Let me breathe quietly

Ah….

The slogans are yours

The praise is yours

The propaganda, the model workers, all are yours

I am just fulfilling my duties

Acting on a healer’s conscience

Often, we go bare-skinned into battle

No time to choose between life and death

Truly no high and mighty thoughts

Please don’t give me a wreath

Don’t give me applause....

Media, reporters

Please don’t bother me

The so-called truth, the numbers

I don’t have time or heart to follow

I’m exhausted day and night

To rest, to sleep

Is more important than your praises

If you can, please go and see

Those ruined homes

Is smoke rising from their hearths?

Those scattered phones in the crematorium

Have they found their owners?"

3.) 2020 saw some remarkable achievements of Malaysian literature on the world stage: 21-year-old Erica Eng won an Eisner Award for her webcomic, Fried Rice; Joshua Kam won the 2020 Epigram Books Fiction Prize for his novel, ‘How the Man in Green Saved Pahang, and Possibly the World’; Poetry collection ‘Tell Me, Kenyalang’ by Sarawak poet Kulleh Grasi, translated by literary translator Pauline Fan and published by Circumference Books, was shortlisted for the prestigious National Translation Award in Poetry and longlisted for the Best Translated Book Award in the United States; Mahua writer Ho Sok Fong’s ‘Lake Like a Mirror’, translated by Natascha Bruce and published by Granta, was shortlisted for the 2020 Warwick Prize for Women in Translation, while Long Litt Woon’s ‘The Way Through the Woods’, translated from Norwegian by Barbara Haveland and published by Scribe UK, made it to the longlist; Hanna Alkaf’s second novel, ‘The Girl and the Ghost’, published by HarperCollins, was a finalist for Kirkus Review Prize for young people’s literature.
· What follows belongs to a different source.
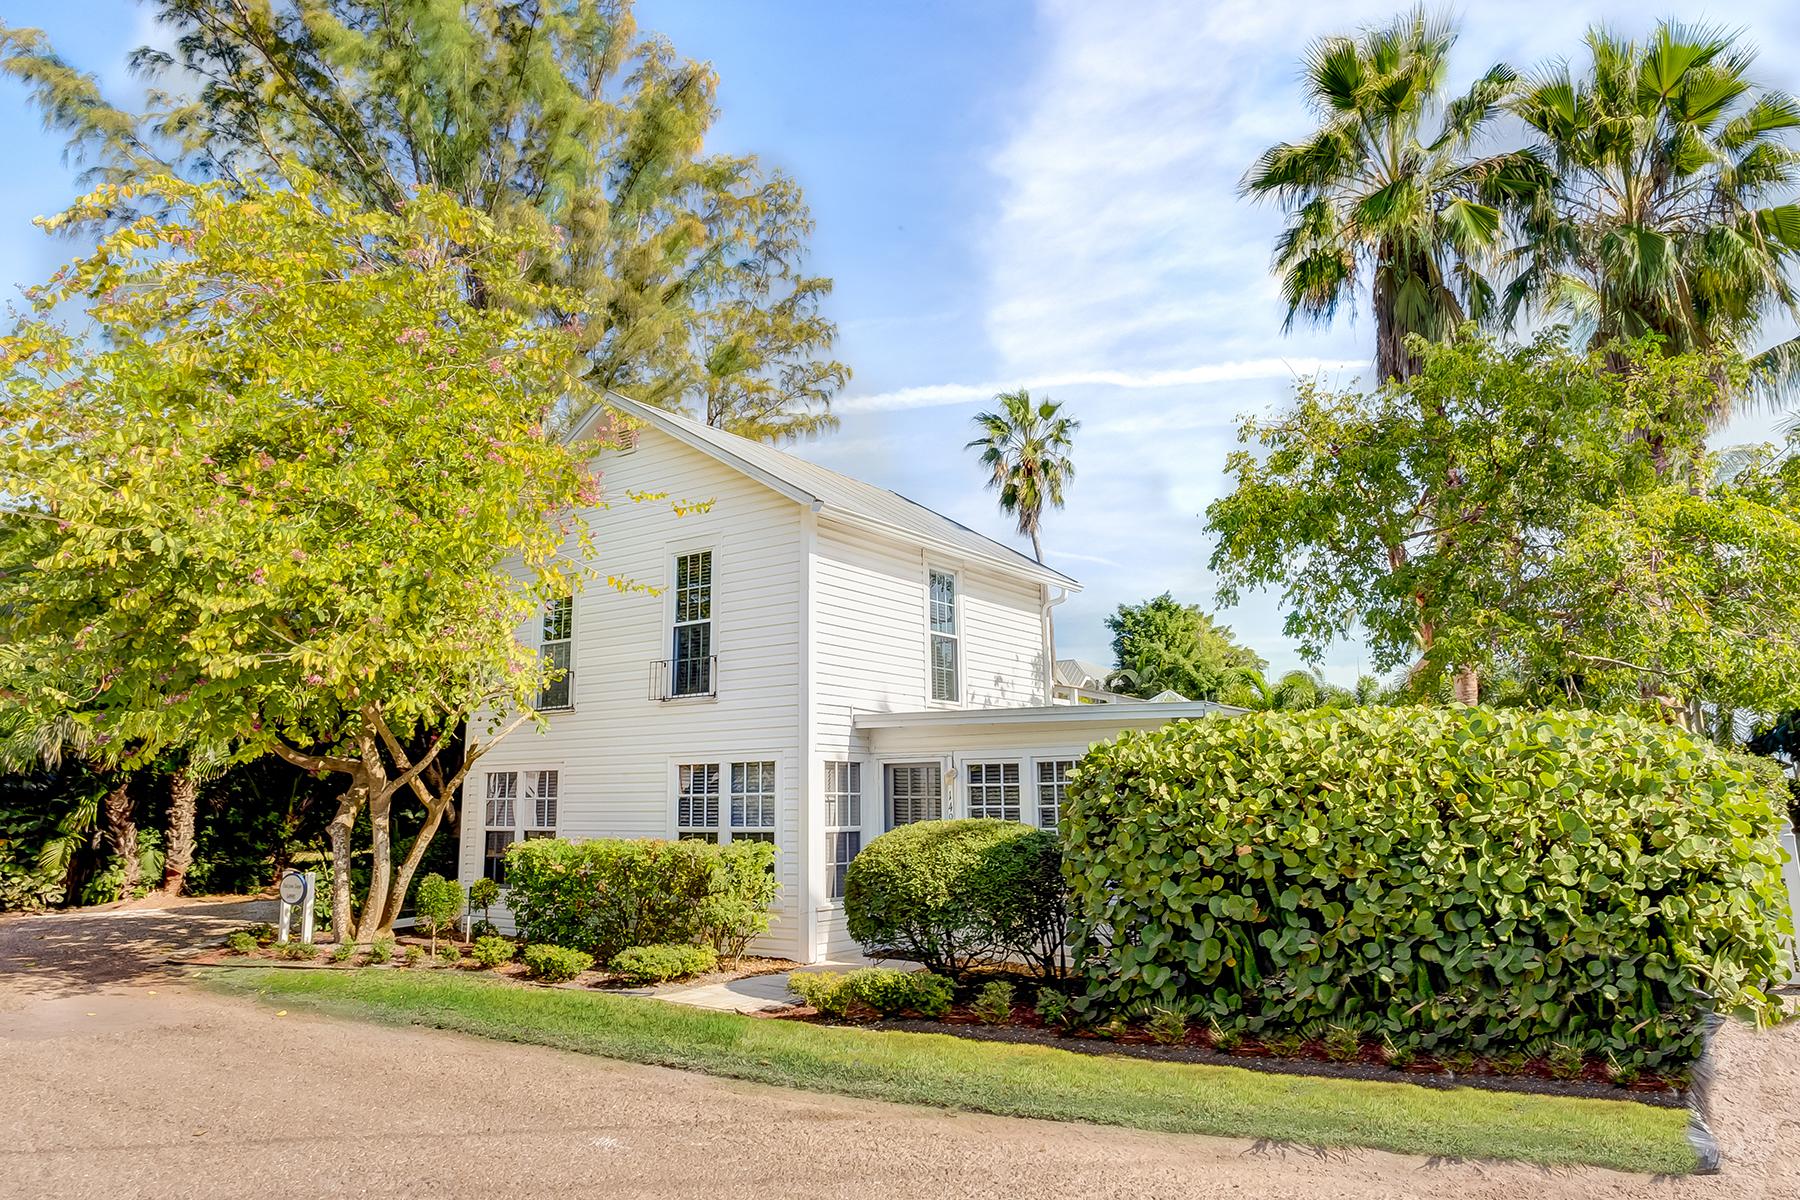 Nhà ở một gia đình vì Bán tại CAPTIVA 14981 Binder Dr Captiva, Florida, 33924 Hoa Kỳ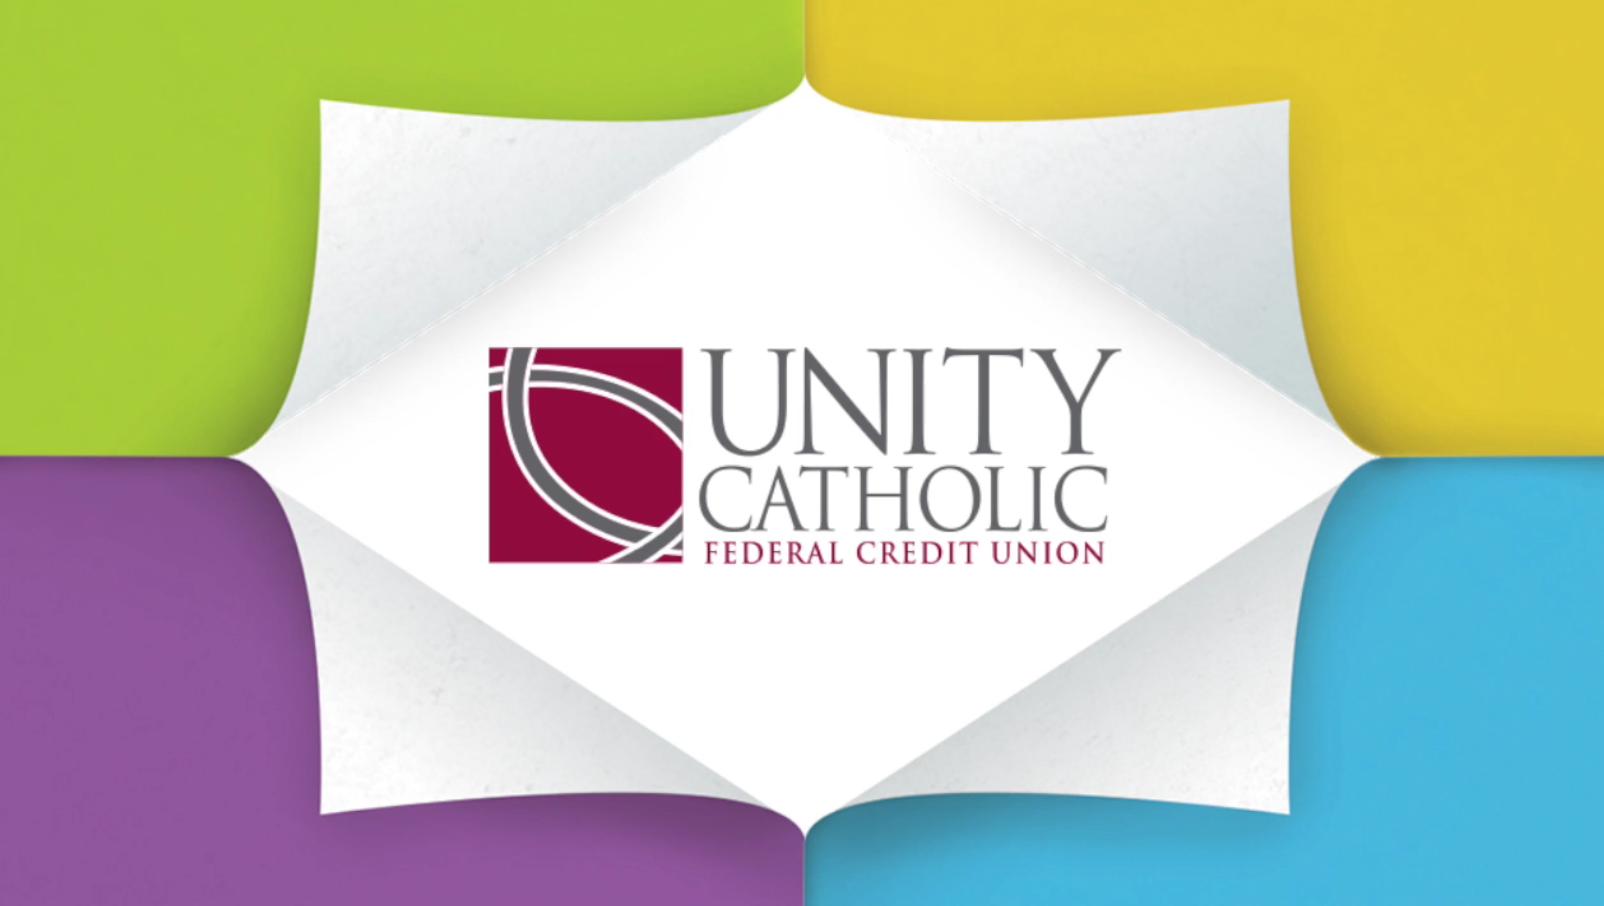 Unity Catholic FCU

4.) Malaysians mourned the passing of two iconic writers in 2020: Malaysian-Indian fiction writer and scholar K.S. Maniam left us on Feb 19th while iconoclastic ‘bad-boy’ poet Salleh Ben Joned passed away on October 29th. 

5.) 2020 was a year of unassuming literary prize winners. The Nobel Prize for Literature went to the American poet Louise Glück, a voice of introspection, interior landscapes and stark beauty. In other major literary awards, debut novels reached for the stars. The International Booker Prize went to ‘The Discomfort of Evening’ by Marieke Lucas Rijneveld, translated from Dutch by Michele Hutchison and published by Faber & Faber, while the Booker Prize went to ‘Shuggie Bain’ by Scottish-American Douglas Stuart, published by Grove Press.

6.) Japanese and Korean women writers made international headlines this year. Among the books by Japanese women writers challenging the predominance of Haruki Murakami in the international literary sphere are Mieko Kawakami’s ‘Breasts and Eggs’, Yoko Ogawa’s ‘The Memory Police’, and Sayaka Murata ‘Earthlings’. Yu Miri’s ‘Tokyo Ueno Station’, translated by Morgan Giles, won the US National Book Award for Translated Literature, while Korean-born poet and translator Don Mee Choi won the National Book Award for Poetry for her collection, DMZ Colony. Meanwhile, the 2020 National Translation Award for Poetry was given to Jake Levine, Soeun Seo, and Hedgie Choi for their translation of Korean writer Kim Yi-deum’s Hysteria.

7.) In the world of literary translation, distinguished poet and translator Pierre Joris completed his masterful translation of Paul Celan’s entire poetic oeuvre, with the publication of ‘Memory Rose into Threshold Speech: The Collected Earlier Poetry’, published by Farrar, Straus, Giroux. Closer to home, The Genealogy of Kings (Sulalatus Salatin) translated by Sasterawan Negara Muhammad Haji Salleh was published by Penguin Random House SEA, in their newly launched Southeast Asian Classics series.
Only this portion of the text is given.